UNESCO World Heritage Site
- Official name: Cultural Landscape of Hawraman/Uramanat
- Location: Parts of the region in Iran
- Criteria: Cultural: (iii)(v)
- Reference: 1647
- Inscription: 2021 (44th Session)

= Cultural Landscape of Uramanat =

Cultural Landscape of Hawraman or Cultural Landscape of Uramanat is the 26th tangible cultural heritage of Iran. This remote and mountainous landscape bears testimony to the traditional culture of the Hawrami people, an agropastoral Kurdish tribe that has inhabited the region since about 3000 BCE. The property, at the heart of the Zagros Mountains in the provinces of Kurdistan and Kermanshah along the western border of Iran.

The Uramanat Villages are located in the mountainous Kermanshah and Kurdistan Provinces of Iran and Halabja Governorate of Iraqi Kurdistan. The villages are unique in terms of architecture, lifestyle, and agricultural methodology. Villages are integrated with nature by incorporating steep-slope agriculture. The 12 villages included in the property illustrate the Hawrami people’s evolving responses to the scarcity of productive land in their mountainous environment through the millennia.

==History==

The earliest archaeological evidence shows that the region was inhabited by humans since Middle Paleolithic Period (more than 40,000 years ago). This evidence was discovered by archaeologists near Hajij village and between Naw and Asparez villages in the Sirwan valley. Evidence for Late Paleolithic occupation discovered in a cave site called Kenacheh in the Perdi Mala valley. These archaeological finds were unearthed during Darian Dam Archaeological Salvage Program that conducted several seasons of archaeological surveys and excavations within the area of the reservoir that led to the discovery of a number of important Paleolithic and more later sites. The Main excavated sites were Dārāi Rockshelter (Middle Paleolithic), Kenācheh Cave (Upper Paleolithic), Ruwār tomb (Iron Age), Sar Cham (Chalcolithic and Iron Age), and Barda Mār (19th century).
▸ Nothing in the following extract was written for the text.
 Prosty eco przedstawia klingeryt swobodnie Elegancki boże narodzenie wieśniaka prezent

Except for Ruwar sites, all other excavated sites were flooded in 2015-2016.
The Inscription of Sargon II at Tang-i Var pass near the village of Tang-i Var, indicate that the region was occupied by Assyrians during their military campaigns into Zagros. This Royal Inscriptions belongs to Sargon II, King of Assyria (721–705 BC).

The Parchments of Avroman, a set of three documents from the Seleucid and Parthian eras, were found in the region in 1909. They were discovered in a cave on Kuh-e Salan Mountain, near the village of Shar Hawraman, and subsequently sent to London. The documents date from 88/87 BC to 33 AD, with two written in Greek and one in Parthian. They document the sale of a vineyard and another land, and include the names of Pātaspak, son of Tīrēn and Awīl, son of Baænīn.
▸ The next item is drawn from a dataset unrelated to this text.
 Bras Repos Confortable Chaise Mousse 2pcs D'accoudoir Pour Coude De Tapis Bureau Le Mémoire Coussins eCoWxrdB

== World Heritage status ==
This site was first added to the UNESCO World Heritage Tentative List on August 9, 2007. On July 27, 2021, it along with part of the Hawraman region were officially inscribed on the World Heritage List as a cultural site under the name "Cultural Landscape of Hawraman/Uramanat".

Hawraman Cultural Landscape was inscribed on the UNESCO World Heritage List as the 26th tangible cultural heritage of Iran at the 44th session of the UNESCO World Heritage Committee.